Эта легкая фраза, равно как и ее подтекст, заставила нервы Клодии напрячься. Неужели перед нею – тот молодой человек, что буйно клеймил непробиваемое бездушие отца, презирал его за деловую холодность?

– А как насчет встретиться попозже да вспомнить старину?

Старину? Клодия внутренне сжалась. Посмотрела на часы и автоматически переменила тон на официальный.

– Э-э-э-э… Да я довольно загружена, Марк. У меня у самой несколько встреч, вдобавок я провожу экскурсию за кулисы гостиницы для некоторых гостей, а затем надо присутствовать на дегустации шампанского, которую мы устроили для наших постоянных…

К ее изумлению и облегчению, Марк принял ее отказ, не споря, и пожал плечами, а в глазах у него промелькнула озорная искорка.

– Ну что ж. Может, как-нибудь в другой раз.

Какая радость – снова увидеть вас, Клодия. До встречи!

Слегка пораженная, как просто ей удалось избежать того, что могло бы оказаться неловким, причиняющим боль, Клодия проводила его взглядом.

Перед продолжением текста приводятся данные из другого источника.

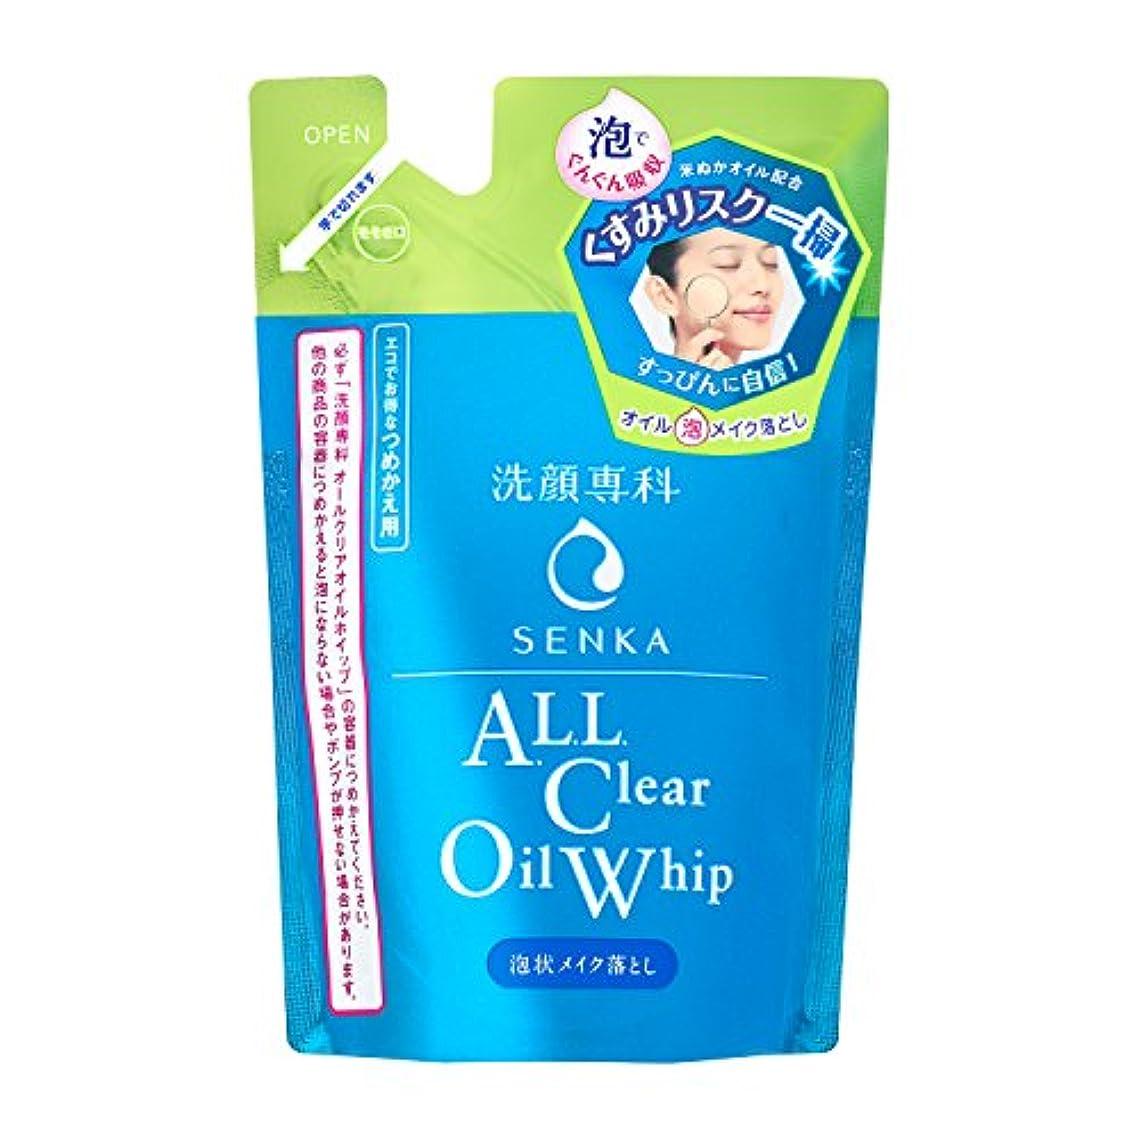 所持ベッツィトロットウッドアラビア語洗顔専科 オールクリアオイルホイップ 泡状メイク落とし つめかえ用 130mL
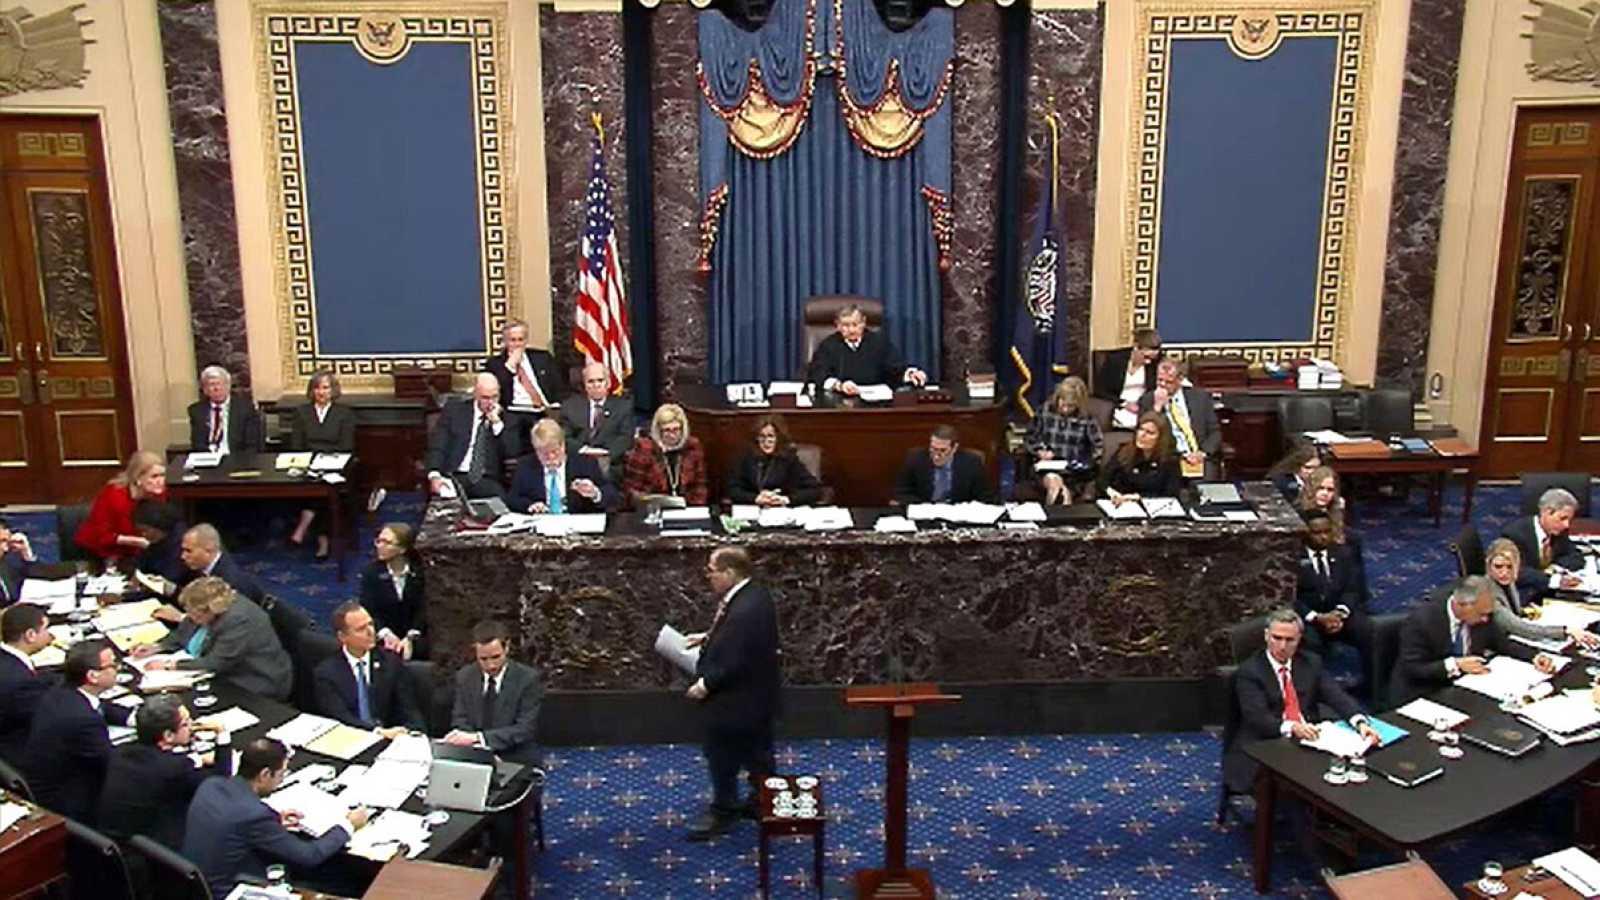 Imagen, tomada de la retransmisión en directo, de la sesión del Senado de EE.UU. durante el impeachment a Trump. Foto: TV del Senado de EE.UU., vía Afp.

Она поверить не могла, что все получилось так легко.

И правильно, что не поверила.

Через шесть часов, когда Клодия, смеясь, пила шампанское в обществе высокого блондина, изящного, как борзая, она ощутила рядом чье-то присутствие и обернулась, смеясь.

– Говорил я вам, что мы увидимся, Клодия! – Марк ликовал от сюрприза, который устроил.

– Если вы хвастаетесь тем, что вломились без приглашения, Марк, то позвольте вас предупредить, что это Саймон Мур, наш старший администратор, – иронично произнесла Клодия, знакомя мужчин, и вскользь упомянула, что Марк, будучи студентом, снимал у нее в доме комнату.

– Я тут на строго законном основании, – поднял руки Марк. – В пригласительных билетах сказано, что каждый приглашенный имеет право привести с собой одного-двух гостей. А я – из гостей Тони. – Он указал на пожилого коренастого человека, беседующего с какой-то женщиной без кавалеров, и добавил, что сегодня они вместе обедали. – Не волнуйтесь, он тоже на вполне законном основании, – язвительно добавил он, видя, как Клодия метнула взгляд на левую руку его спутника, держащего бокал. – Он разведен [4]4
  На Западе обручальное кольцо носят на безымянном пальце левой руки.


[Закрыть]
, готов к новому браку. Если хотите, Клодия, я вас познакомлю.

– Лучше вам не заниматься сводничеством, – с непринужденной улыбкой заметил Саймон. – Клодия уже состоит в браке – с гостиничным делом, не меньше, чем я, и за это я ей благодарен. Несомненно, она прекрасная работница – всегда полным-полна идей, и за краткий срок, что она здесь, успела сотворить чудеса для имиджа «Харбор-Пойнта».

– Ох, Саймон, спасибо, – ласково улыбаясь, пробормотала Клодия и при этом подумала, что он слегка пересолил.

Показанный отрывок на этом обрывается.